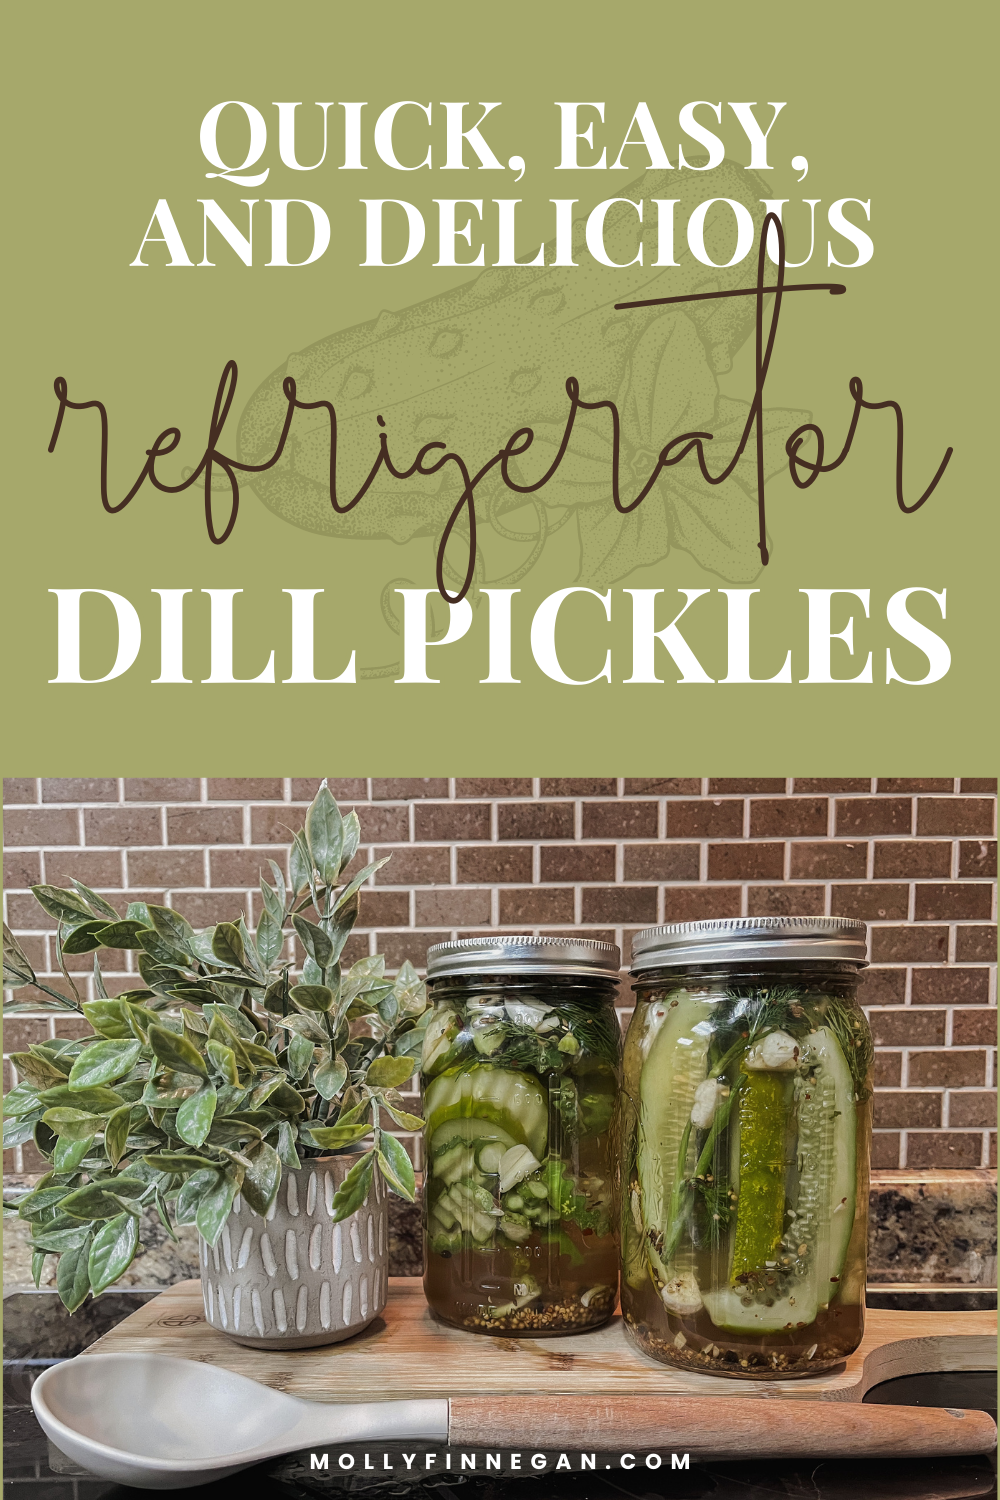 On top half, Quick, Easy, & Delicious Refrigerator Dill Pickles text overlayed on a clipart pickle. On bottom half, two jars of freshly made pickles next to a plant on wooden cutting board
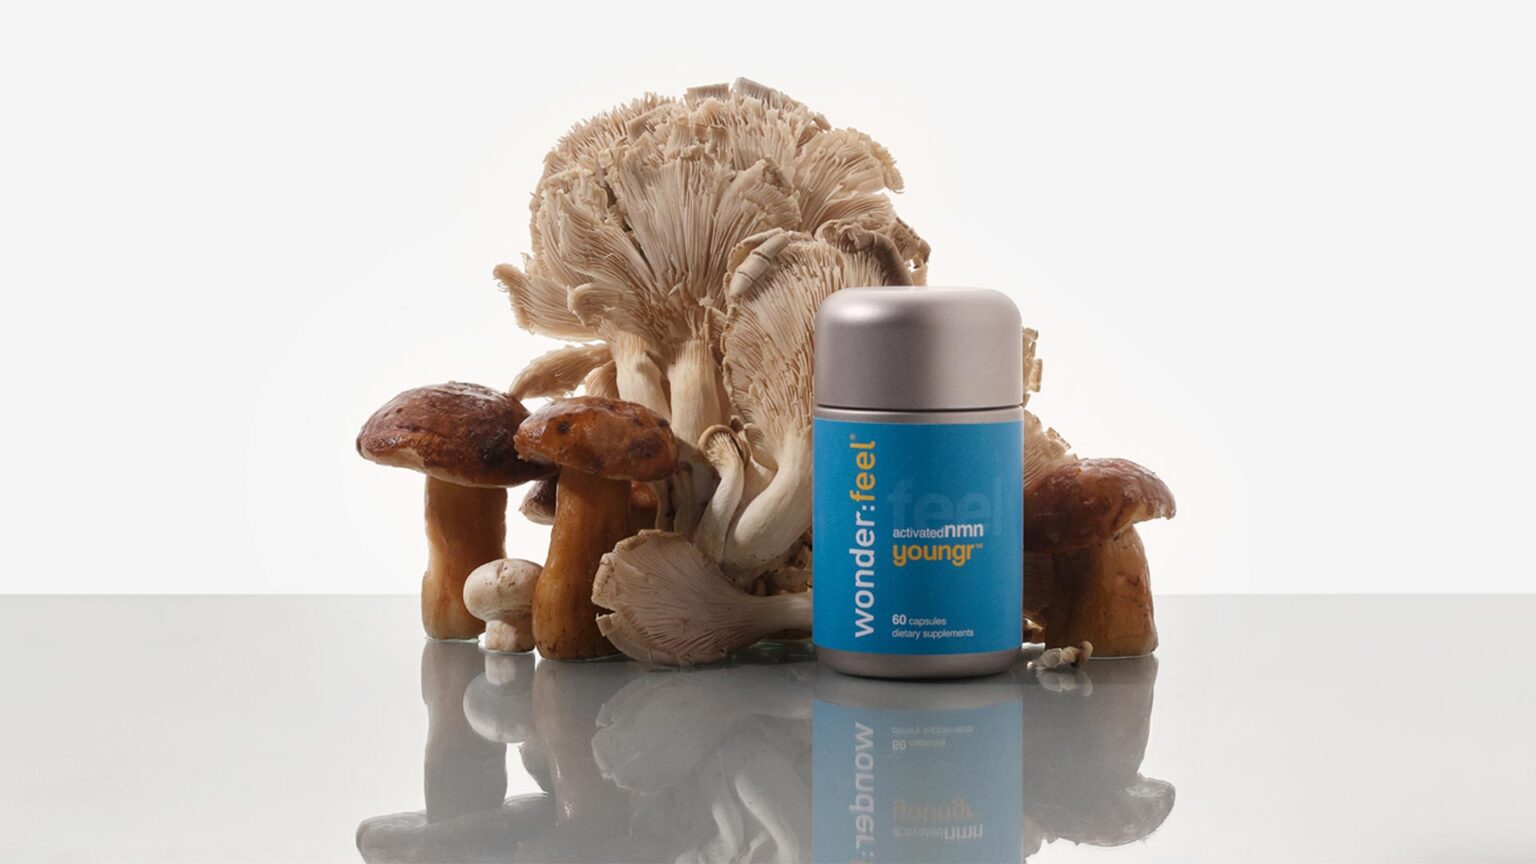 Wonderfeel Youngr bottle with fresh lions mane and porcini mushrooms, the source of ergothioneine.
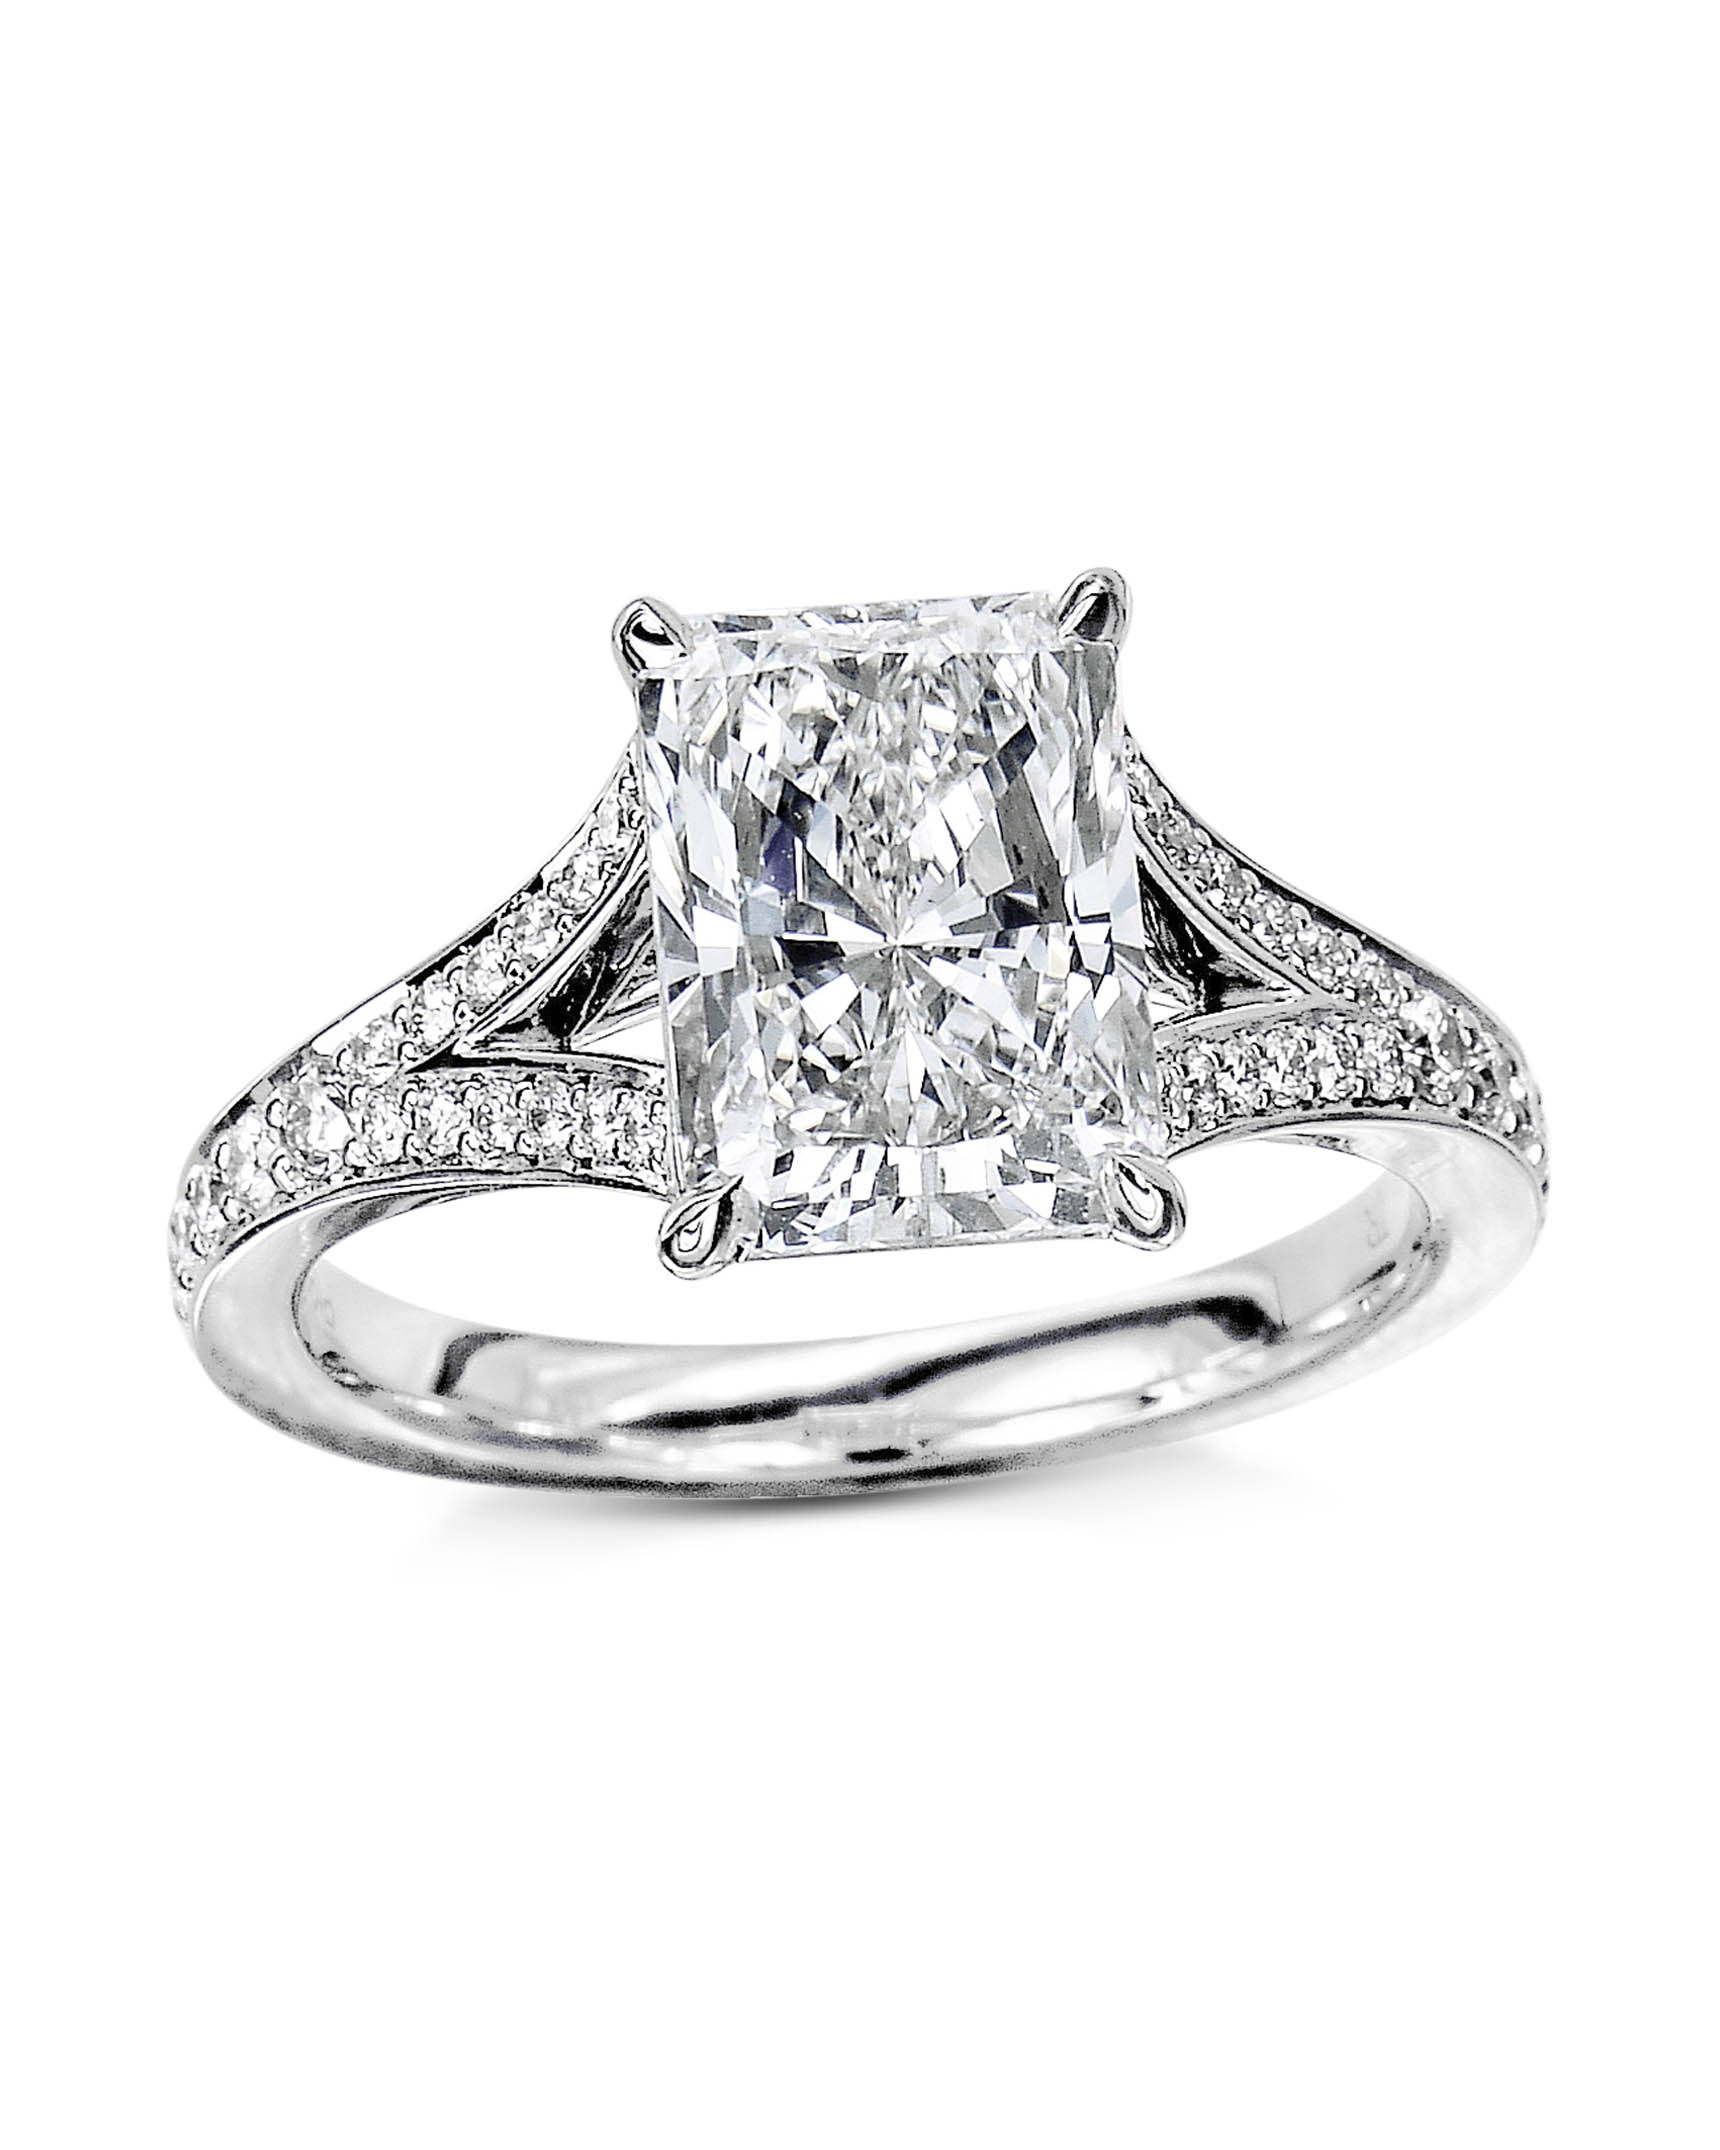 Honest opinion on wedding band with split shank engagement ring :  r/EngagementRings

What needs to be done: One exact copy of the data, no pictures: write it out line for line.

Answer to the exercise:
 On top half, Quick, Easy, & Delicious Refrigerator Dill Pickles text overlayed on a clipart pickle. On bottom half, two jars of freshly made pickles next to a plant on wooden cutting board
 Wonderfeel Youngr bottle with fresh lions mane and porcini mushrooms, the source of ergothioneine.
 Honest opinion on wedding band with split shank engagement ring :  r/EngagementRings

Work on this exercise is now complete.